Wednesday of week 26 of Ordinary Time – First Reading


Commentary on Job 9:1-12, 14-16

In today’s reading Job responds to Bildad of Shuah, one of his friends and comforters. Basically Bildad had said that punishment of the wicked is as certain as the laws of nature. There is an implication that Job’s misfortunes are somehow the punishment for his wrongdoings.

Job agrees with this in principle and he does not claim that he is sinless but he does wish to have an opportunity to prove that at least he is not guilty of the kind of sin that would bring down on him such terrible misfortunes as he has experienced. He will make serious complaints against God’s treatment of him but he never abandons his God nor (as Satan foretold) does he curse him.

Much later in the book (chap 42; cf. Saturday’s reading) it is implied that Job persevered but in these earlier chapters he does so with impatience. We talk about the ‘patience of Job’ but the book is really concerned with his perseverance and refusal to rebel against God. “You have heard of the endurance of Job”, says the Letter of James (5:11).

In today’s reading he admits that God is all-powerful. “How can one be in the right against God?” His speech is filled with the imagery of the courtroom: “answer him”, “argue with him”, “innocent…plead…Judge”, “summon(ed)”, “pronounce me guilty”, “judges”, “court”, “charges…against me”, “witnesses”. Job strongly argues his innocence, but he feels that because God is so great there is no use in contending with him. Job’s innocence does him no good . The reason is that God’s “heart is wise and his strength is great”.

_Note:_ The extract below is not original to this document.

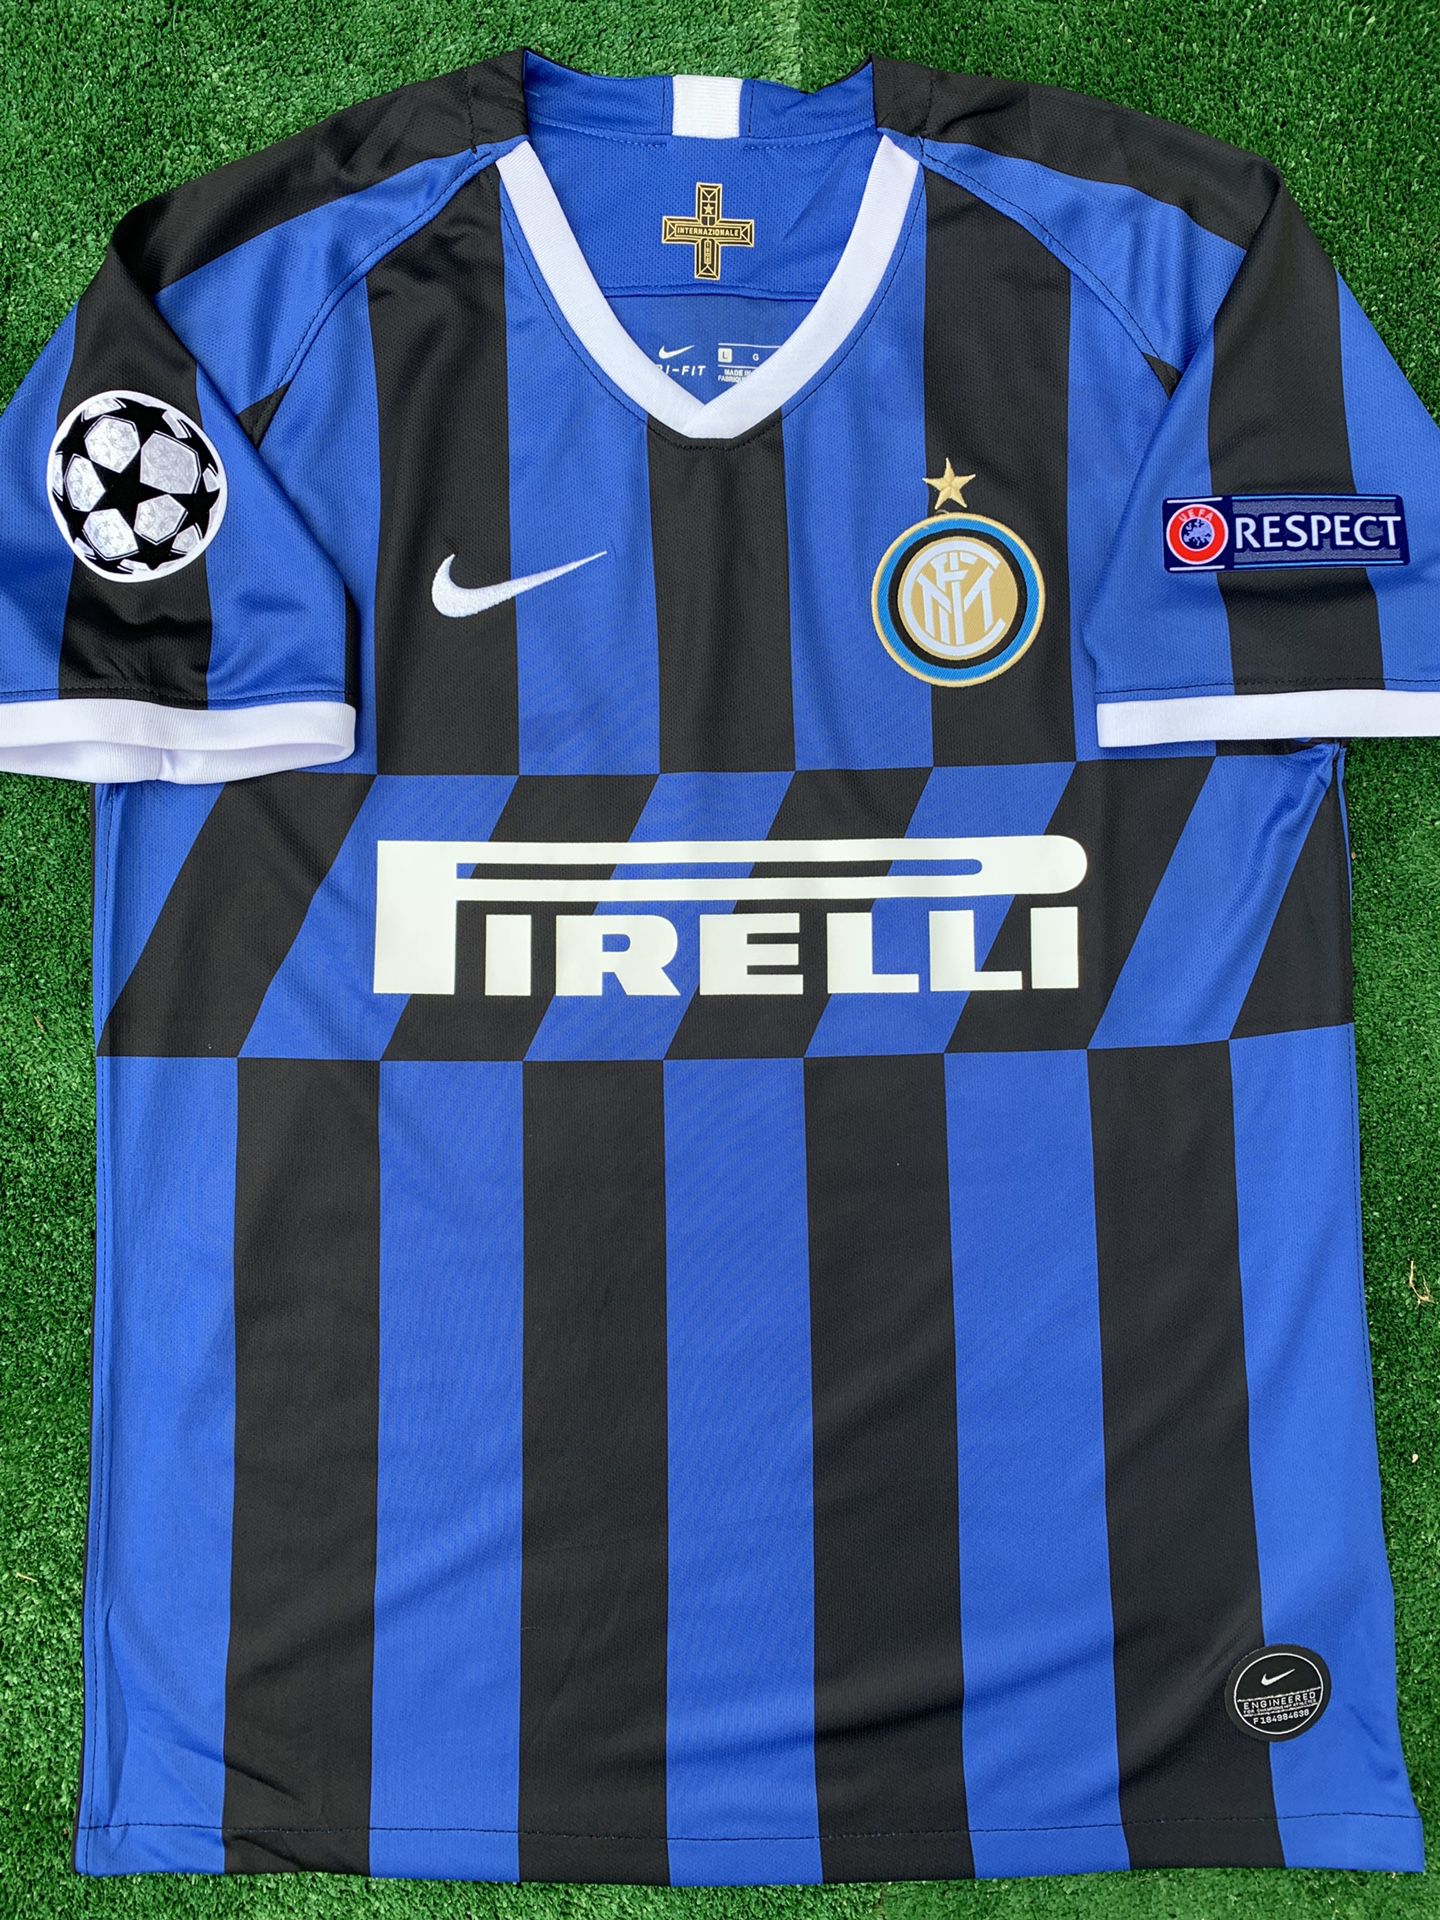 2019/20 Inter Milan soccer jersey

Job then sings a hymn to the overwhelming power of God over his creation; he is the Master and there is no other. He moves mountains and performs countless wonders. But Job feels no blessings from all this. It simply speaks of an unchallengeable power. Job does not yet see that God’s power is controlled by goodness and justice. (cf. Jesus’ words in the Sermon on the Mount about the universality of God’s love – Matt 5:45)

At this point, however, Job cannot see clearly that God’s power is controlled by goodness and justice. He sees simply a God who can do what he likes when he likes and against whom the creature has no redress.

The power of God is illustrated in the ways he can overturn mountains and move the earth so that it shakes on its pillars. The ancient world believed that the earth was a flat surface supported underneath by great pillars. Earthquakes, too, must have been a truly frightening experience (as they still are for us today but we at least now know their cause). Later in the book the earth will be described as suspended over nothing (26:7).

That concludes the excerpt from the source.